Elle se retrouvait là, allongée sur le ventre, son bras gauche enfoui sous sa poitrine. Diego la réveilla. Et la première chose, qu’elle vue, ce n’est pas son visage, mais un bouquet, qu’il avait l’air de tenir en guise d’armure. Elle se souvenait de sa difficulté à se lever, car ce bras qui s’était réfugié sous son torse, s’était tout engourdi. Elle devait demander à ce corps fatigué, quelques efforts supplémentaires pour se relever. Elle se souvenait également de cette lumière si vive qui éclairait son salon avec le contraste de cette nuit, si intensément noire. Arthur, le présentateur de l’émission tout est permis, s’imposait avec sa voix, ses rires et l’ensemble de ses invités. Une fête s’était organisée sans son accord. Elle se rappela cette interrogation qui l’avait traversé à ce moment « il met toujours des bombers lui ? ». 

Elle en voulait à son Diego. Mais elle lui avait vite pardonné, car il s’était longuement excusé et qu’il avait l’air tout aussi accablé qu’elle, sa mine fatiguée le prouvait et les cernes qui dessinaient son beau visage marquait cette journée qui avait dû être éprouvante. Quand elle s’en aperçu, elle se dit qu’il s’investissait tellement dans la création de son entreprise, qu’à la fin, sa colère avait finit par s’essouffler.
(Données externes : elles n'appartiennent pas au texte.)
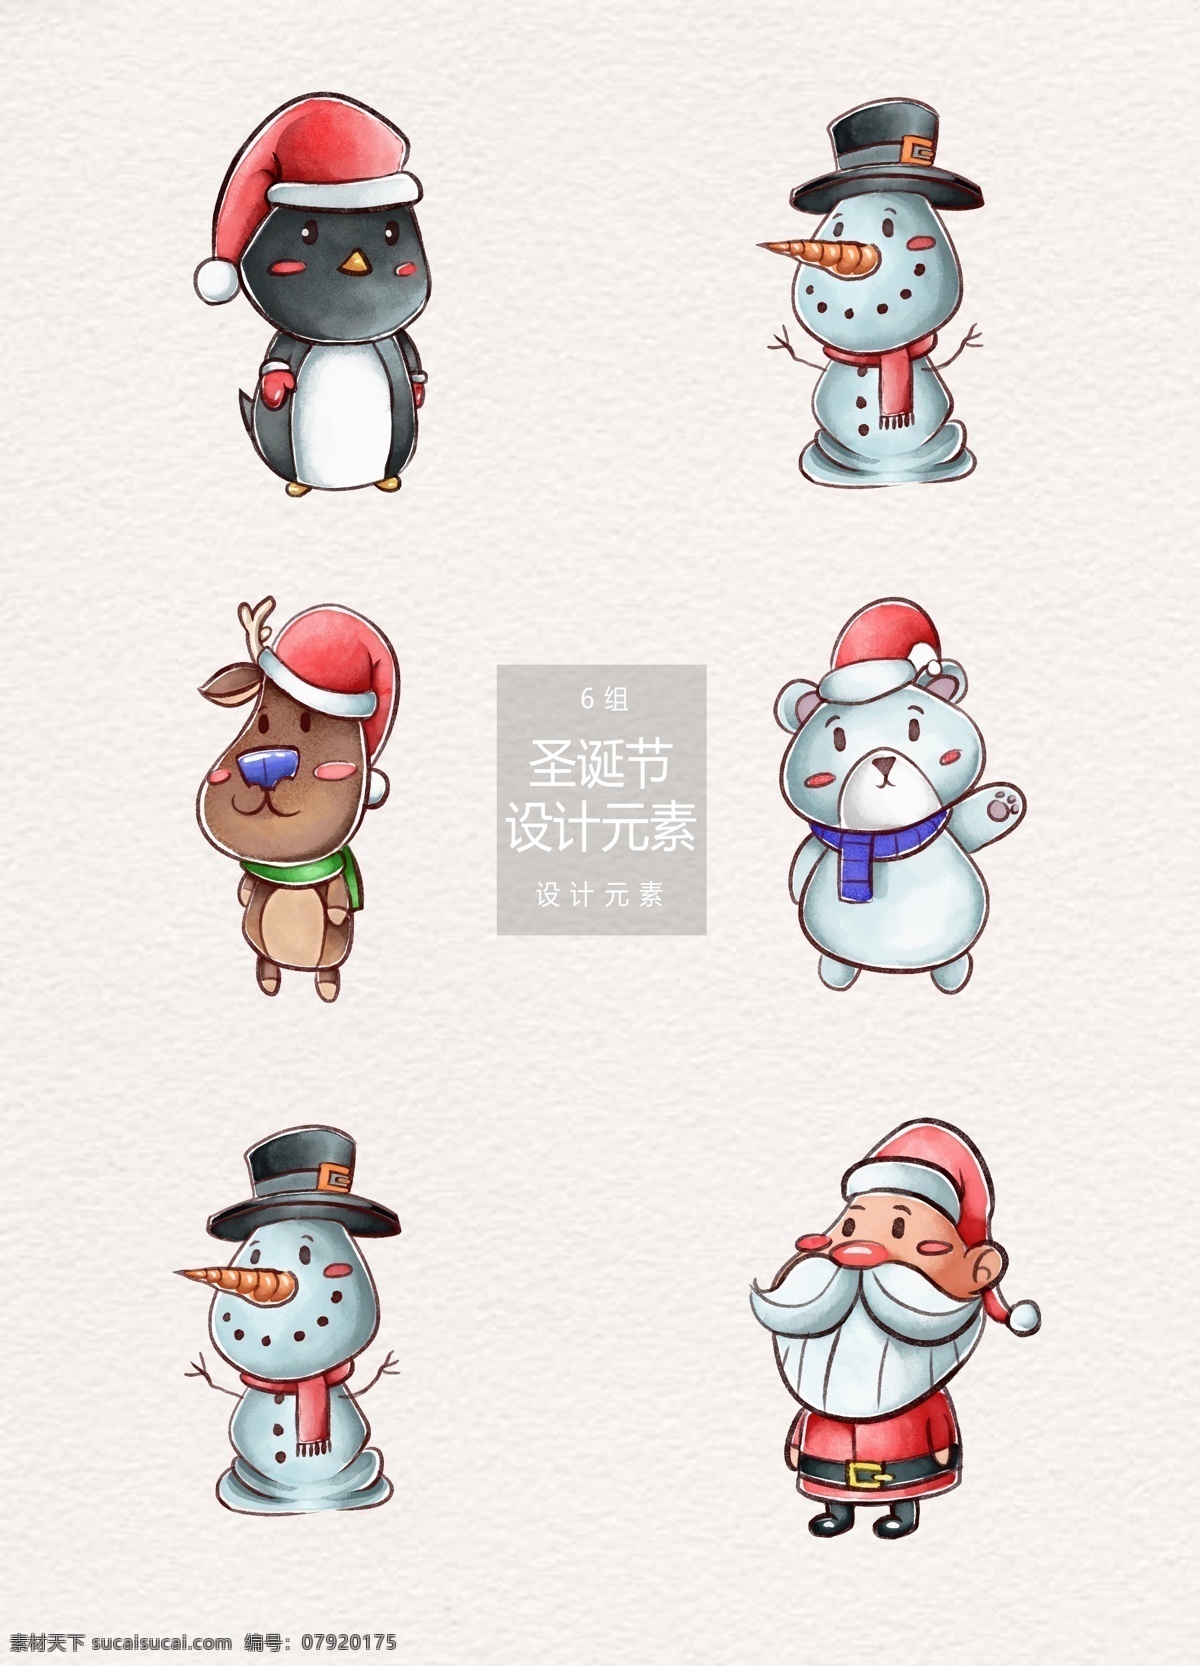 圣诞节 卡通 人物 元素 卡通人物 圣诞老人 雪人 企鹅 圣诞 圣诞人物 驯鹿 北极熊

Et qu’elle avait attrapé le cadeau en signe de dédommagement avec le bouquet qui l’accompagnait. 

— « Tout cela est bien loin maintenant » pensa Suzanne, pour s’encourager ».

Mais soudain, elle se demanda s’il ne serait pas plus judicieux de prévoir un plan B, si malencontreusement, Diego devait rentrer plus tard que prévu et qu’ils finiront par devoir dîner à la maison. « L’anticipation de la ménagère coule en moi, ou non, c’est p’tete ce mauvais souvenir qui doit me poursuivre » pensa-t-elle. 

Pas le temps de prolonger cette pensée, elle enfila ses talons, attrapa son manteau qu’elle commença à enfiler tout en fermant la porte de la maison et se précipita jusqu’à la voiture, en brandissant sans fierté, la clef d’un geste affolé en continuant d’agripper son sac comme un ballon, prête à le balancer sur le siège du passager. Il lui restait très peu de temps avant que le supermarché du coin ne ferme et qu’elle puisse avoir le temps de décider de ce qu’elle allait acheter pour ce repas de « secours ».